Scale invariance as considered in the previous sections is based on the dilation group ${\delta }_{a}$ and on the assumption that the tonotopic axis is given by the exponential law $\xi \left(x\right)=K{e}^{-x}$. From the experimental data it should however rather be concluded that the symmetry hypotheses are satisfied only locally and in a first approximation. The question therefore arises whether the results subsist qualitatively when these basic assumptions are modified. To answer this question the setup of an abstract model is being presented.

The basic hypothesis is still that the symmetry in cochlear mechanics is given by a one parameter transformation group ${\stackrel{ˆ}{\lambda }}_{a}$ acting in phase space. This action can be taken in a quite general form. Ideally it should be possible to adapt it individually to each species. The specific form of the tonotopic axis is to a certain extent independent of the action of the one parameter group. It will be discussed as a separate issue and for the time being the exponential law will be retained.

The transformation group ${\stackrel{ˆ}{\lambda }}_{a}$ thus stands at the outset of a general framework for an abstract description of cochlear mechanics. The one parameter group will be enlarged to a bigger group. At first this will be done on the infinitesimal level by defining a multiplier operator $\stackrel{ˆ}{M}$ that plays the role of $\stackrel{ˆ}{B}=-i\omega$ in the previous sections. Together with the infinitesimal generator $\stackrel{ˆ}{L}$ for the one parameter group ${\stackrel{ˆ}{\lambda }}_{a}$ and together with $\stackrel{ˆ}{H}$, the action of the Lie algebra of the abstract symmetry group is then completely determined. As an abstract group, the symmetry group is still $\Gamma ×S$, yet the action in phase space will have changed. It will in fact be conjugate to the standard action. The conjugation mapping typically maps a bounded symmetric range in frequency space onto the whole frequency axis. In the application the bounded range will be the interval $\left(-R,R\right)$. The upper bound R appears as an absolute frequency bound. In such a model, the inner ear is completely indifferent to signals whose frequency content lies beyond this limit.

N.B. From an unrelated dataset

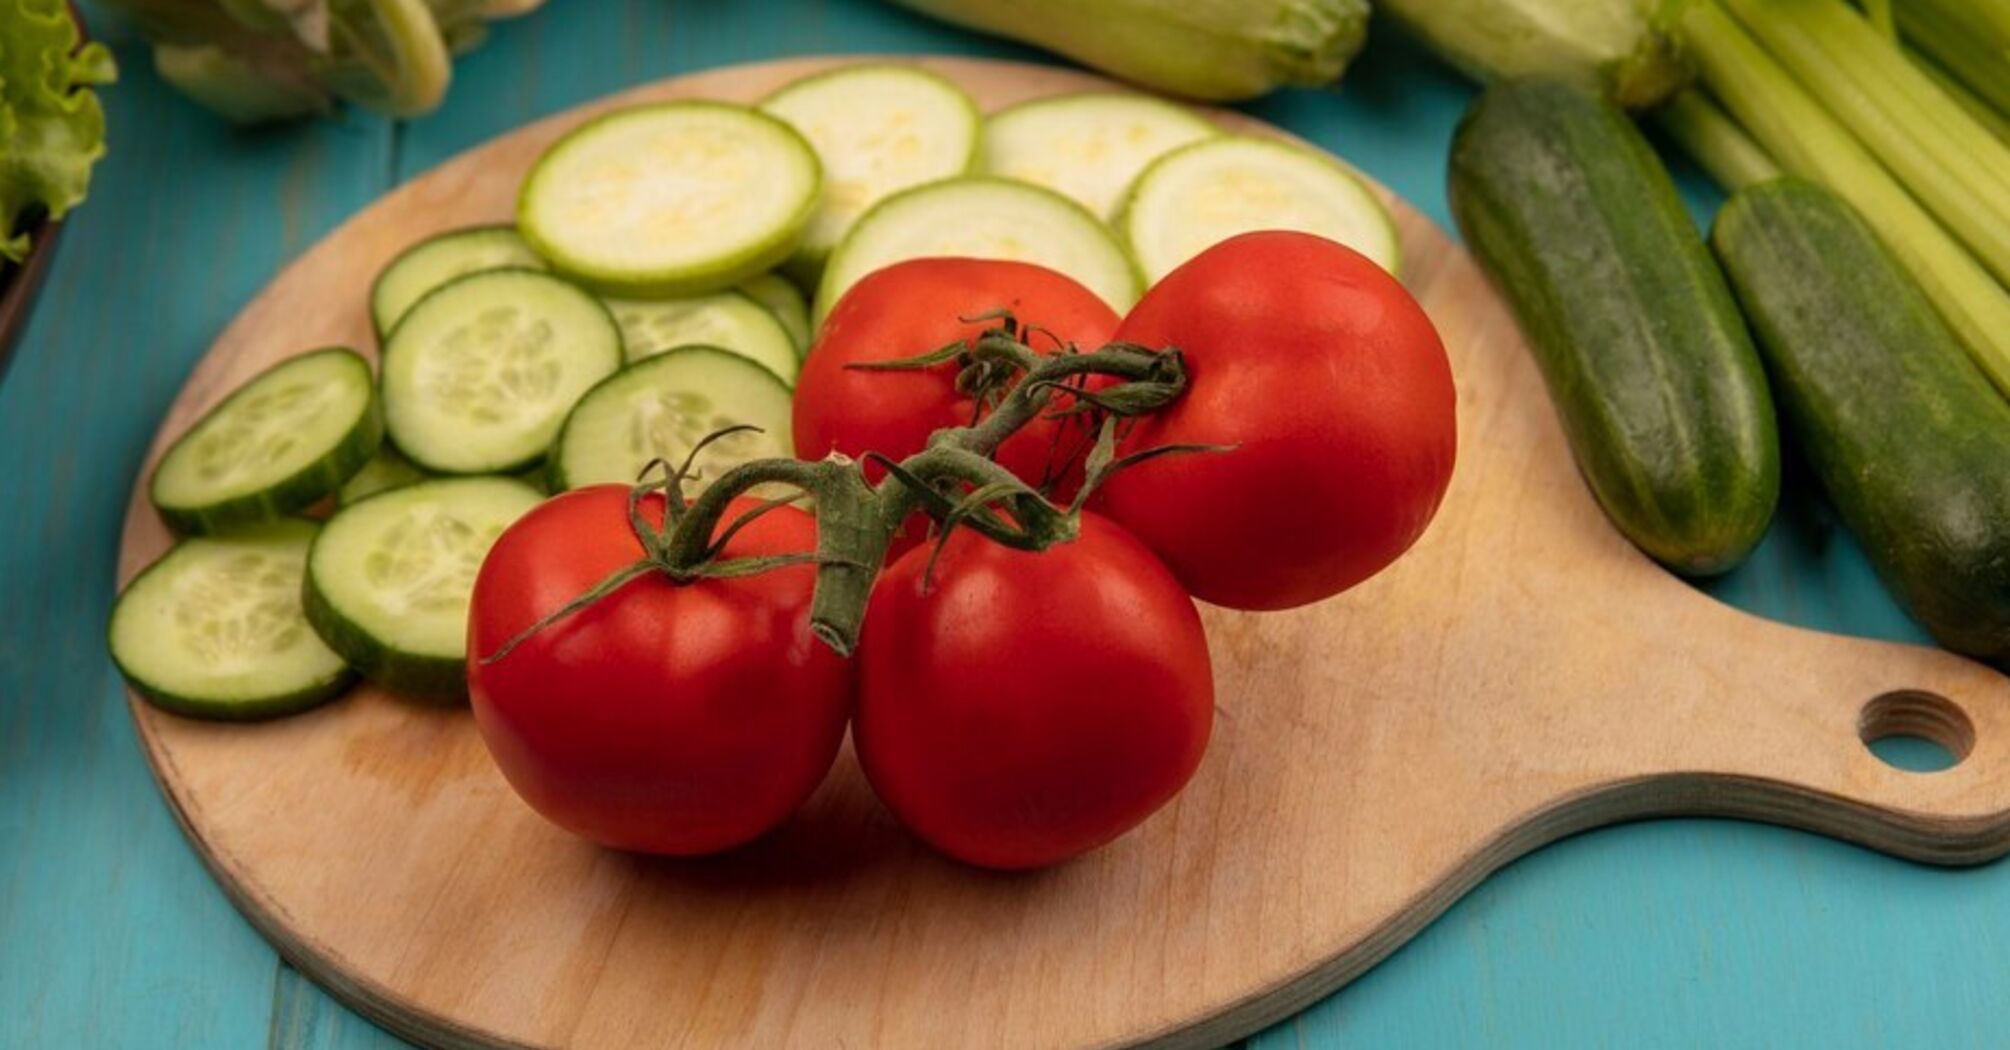 Может привести к неожиданным последствиям: врачи раскрывают риски потребления огурцов вместе с помидорами

As a first issue the wavelet transform for general one parameter groups is being discussed. Next the action of the one parameter group is determined in dependence of the parameter c that relates to the overall sound level of the signal. This action will then be extended on the infinitesimal level to all of $\Gamma ×S$. Along with this, the conjugation mapping will be defined.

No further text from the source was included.